We are suffering heavily as students and the faculty is as well. As of 5:01 a.m. on Wednesday, faculty have gone without pay and without health care. If the faculty were truly selfish (as they are made out to be) and out to make more money, this strike would not be happening.

In my last year as an undergrad, we read excerpts from Karl Marx’s works, which I urge you to read and to make of it what you will, and it was in that class and reading where I took some information that I will never impart with. Capitalism is not inherently abusive, but it is the way that the power (bourgeoisie) takes advantage of the system that is horrific.

This capitalistic mindset is “get as rich as you can with as much work from workers and pay them as little as you can” and it is objectifying. How so? As Marx explains, through various class roles we have always had a system of the “oppressed” and the “oppressor.” If we look back to these roles, we can see how it has reinvented itself over the years. With the industrial revolution came the notion that people could be replaced by efficient and quick machines, emphasizing quantity over quality that very much hurt the blue collar workers. He tells us that “society as a whole is more and more splitting up into two great hostile camps, into two great classes directly facing each other—Bourgeoisie and Proletariat.”

The power makes the profit and the exploited workers monetized. In ‘The Communist Manifesto,’ among other famous works by Marx, he tells us that there is a distinction of “Haves and Have Nots” and the ones on top benefit from the work of the ones underneath. The biggest problem that occurs is that these workers are objectified—literally turned into an object. The bourgeoisie makes them work as many hours possible while giving them as little as possible. It is basically work until you can’t stand, eat just enough to stay alive, sleep enough to stay alive, and then go back to work. Is that really an existence at all?

We think of the human condition as one capable of deep thought, feeling and expression. When you are surviving on the basic minimum, there is not time or ability for these qualities that make us human. The lives of these exploited workers are shorter lived and when they drop of exhaustion, the broken cog is replaced with another one.
There are more and more cogs that can be replaced. While these machines barely live, the bourgeoisie profit immensely from this abuse and sacrifice. It is easy to distance yourself from someone when you take away their humanity because they become inanimate objects without thought or feeling; this objectification is clearly dangerous and these people turn into property owned by the bourgeoisie.

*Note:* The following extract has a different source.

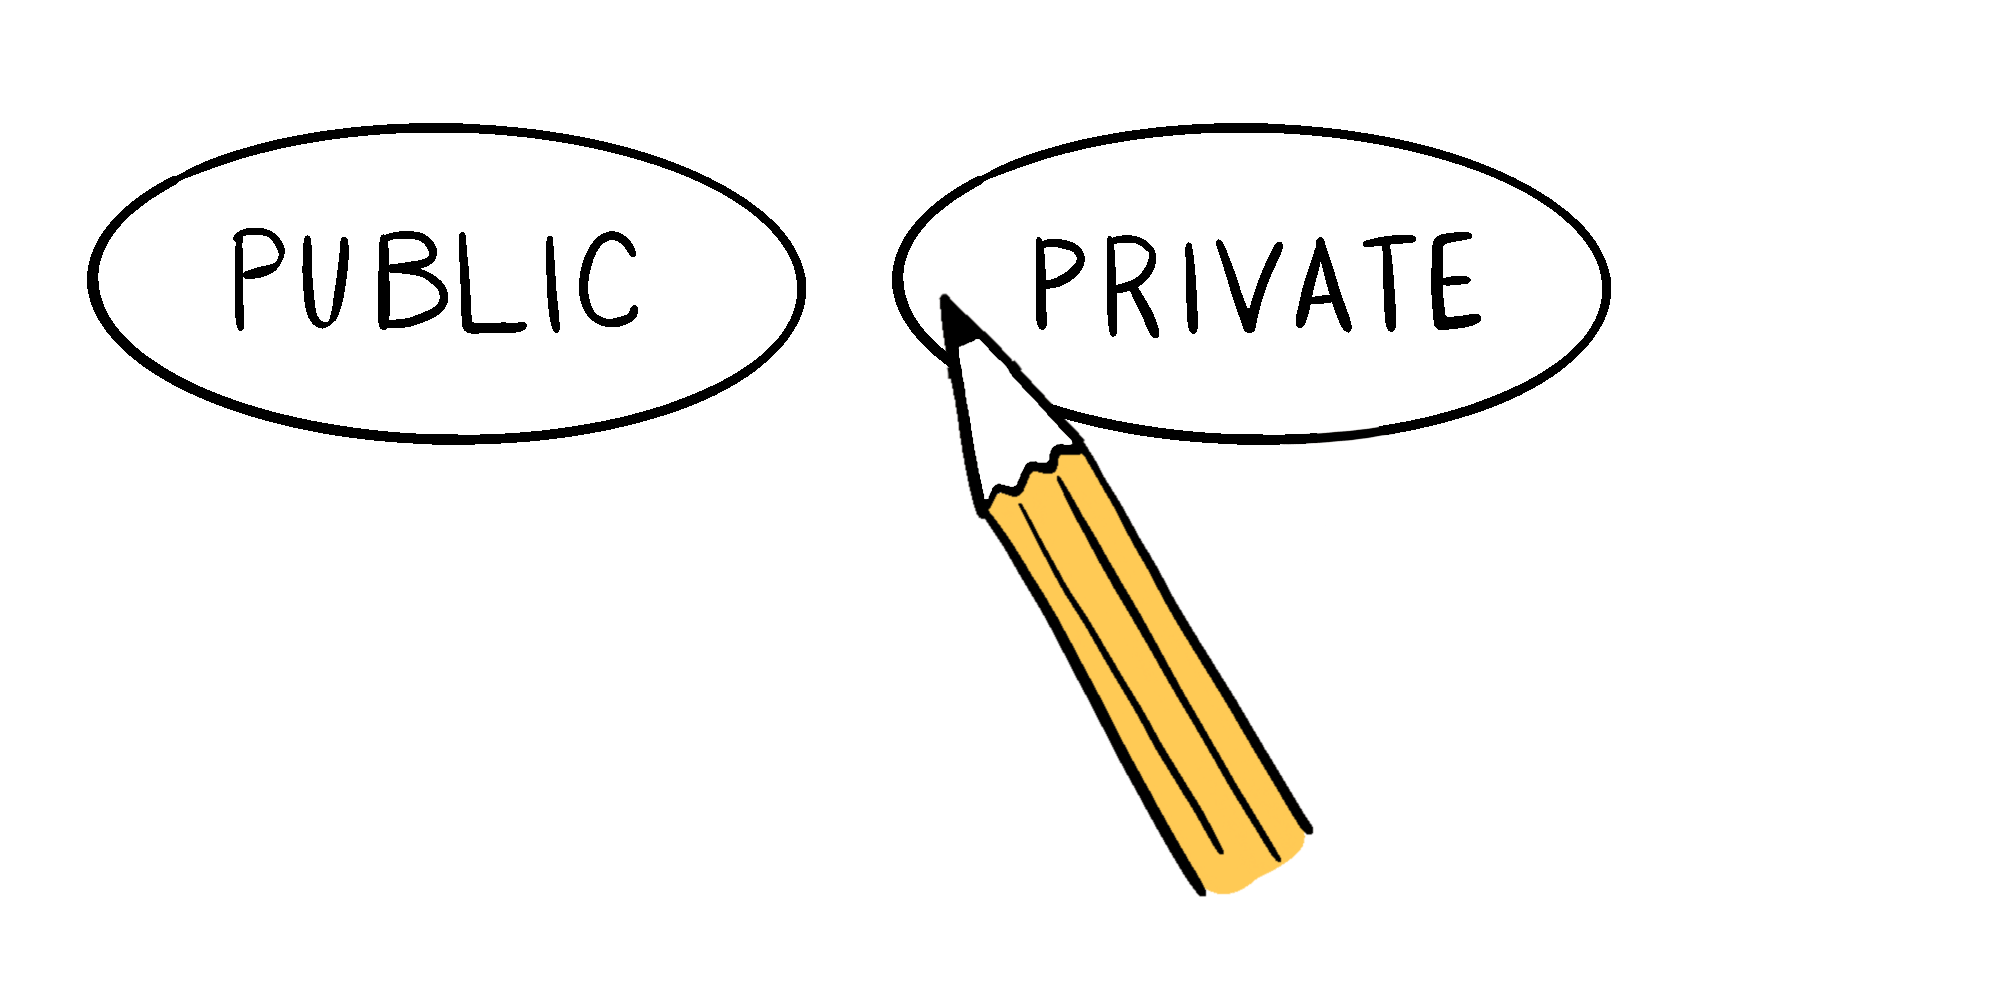 An animation of two standardized test bubbles, labeled "Public" and "Private" with a cartoon pencil coloring in the Private bubble.

My fear is that when I see and read about the situation between the faculty and state system, I see the Bourgeoisie and the Proletariat. I see Chancellor Frank Brogan getting an $80,000 raise when a lot of professors are not even breaking three figures (think I am wrong? Check it out online where you can see professor salaries). This fight is not just about money, even though the faculty need to support themselves and their families. It is about the state morphing into a bourgeoisie and taking the profit while they are trying to force the professors to do more work for the same amount or less.

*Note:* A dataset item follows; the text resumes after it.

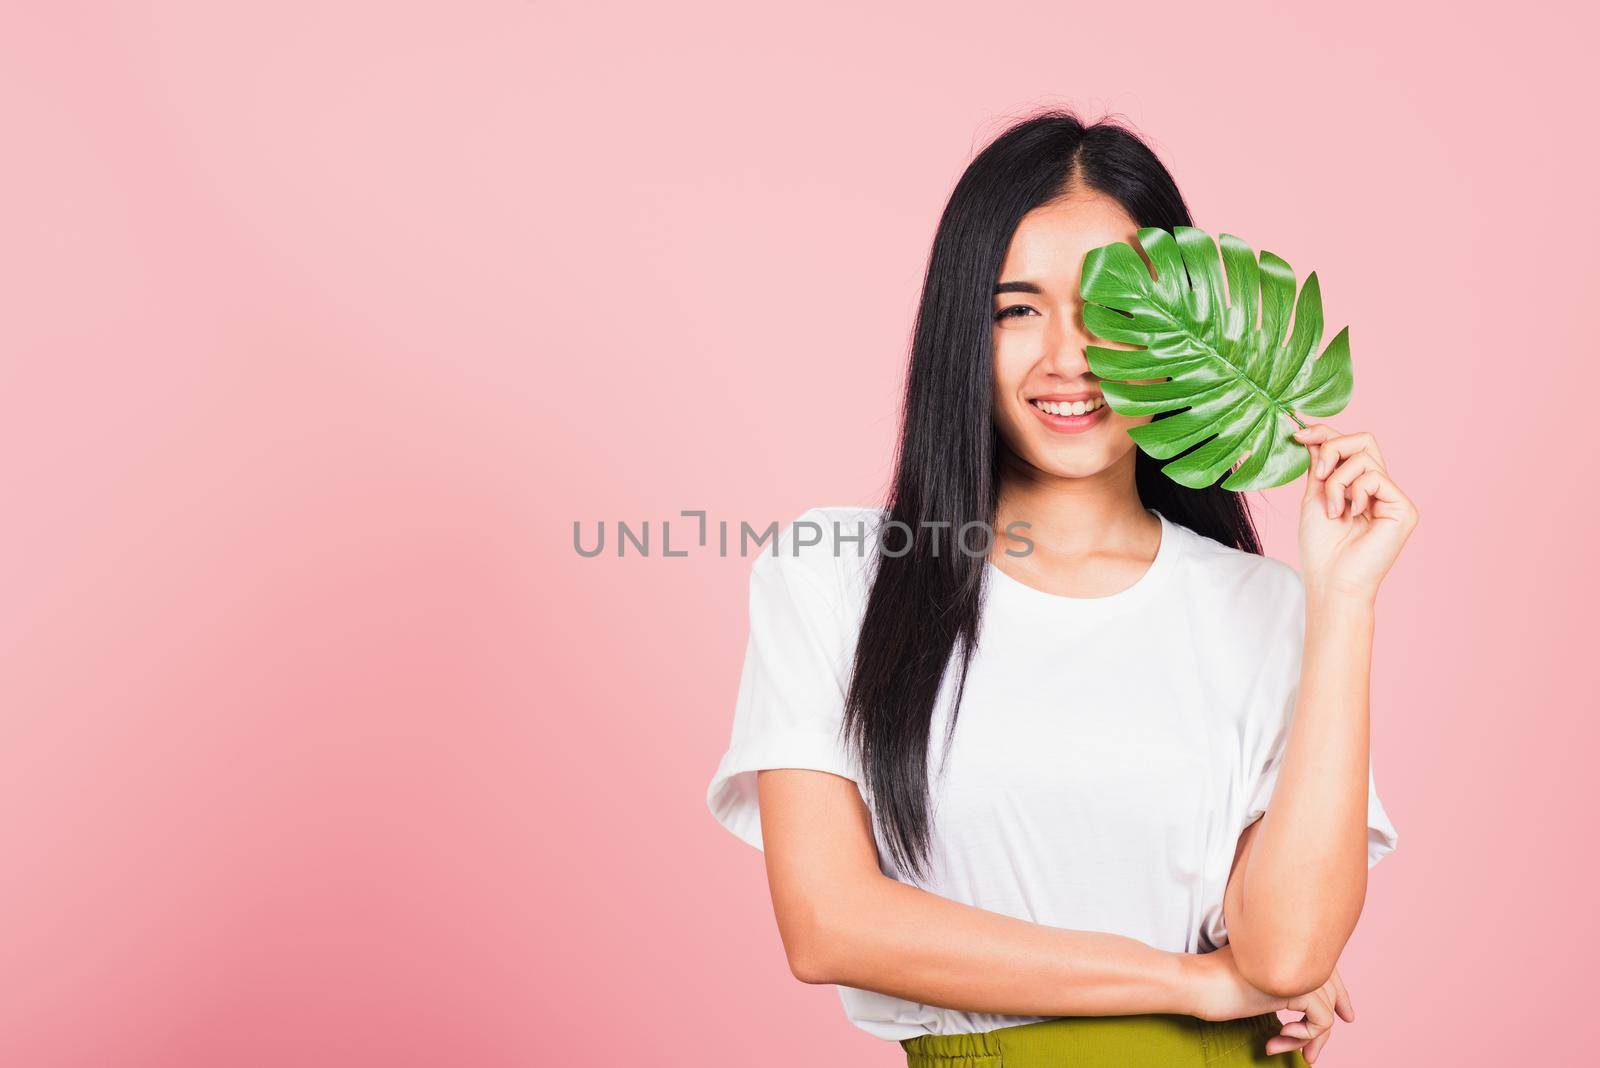 Beauty face. Portrait of Asian beautiful young woman with fresh healthy skin hold green monstera leaf on her face, Tropical Leaves, studio shot isolated on pink background, Skin body care spa concept

They want to increase distance education. By taking us out of the classrooms and putting us online, they are distancing us from the personal and mentoring relationship we have with our professors. If they have more and more hours, how can they invest all they have when they have nothing left to give from the start?
This affects us as well. I am continually inspired by the way that my professors have cared about me and by the way they have sacrificed their own comfort, energy and money for us. We are their students, not degree gaining machines.
The state is trying to get our money and then pump us out for more money. It is the development we gain as humans capable of higher learning that we gain from our professors that changes our futures. They pass off the torch and let us take over. This is more than, “What will happen to me?” This is the human condition and the question, “What will happen to our future?”.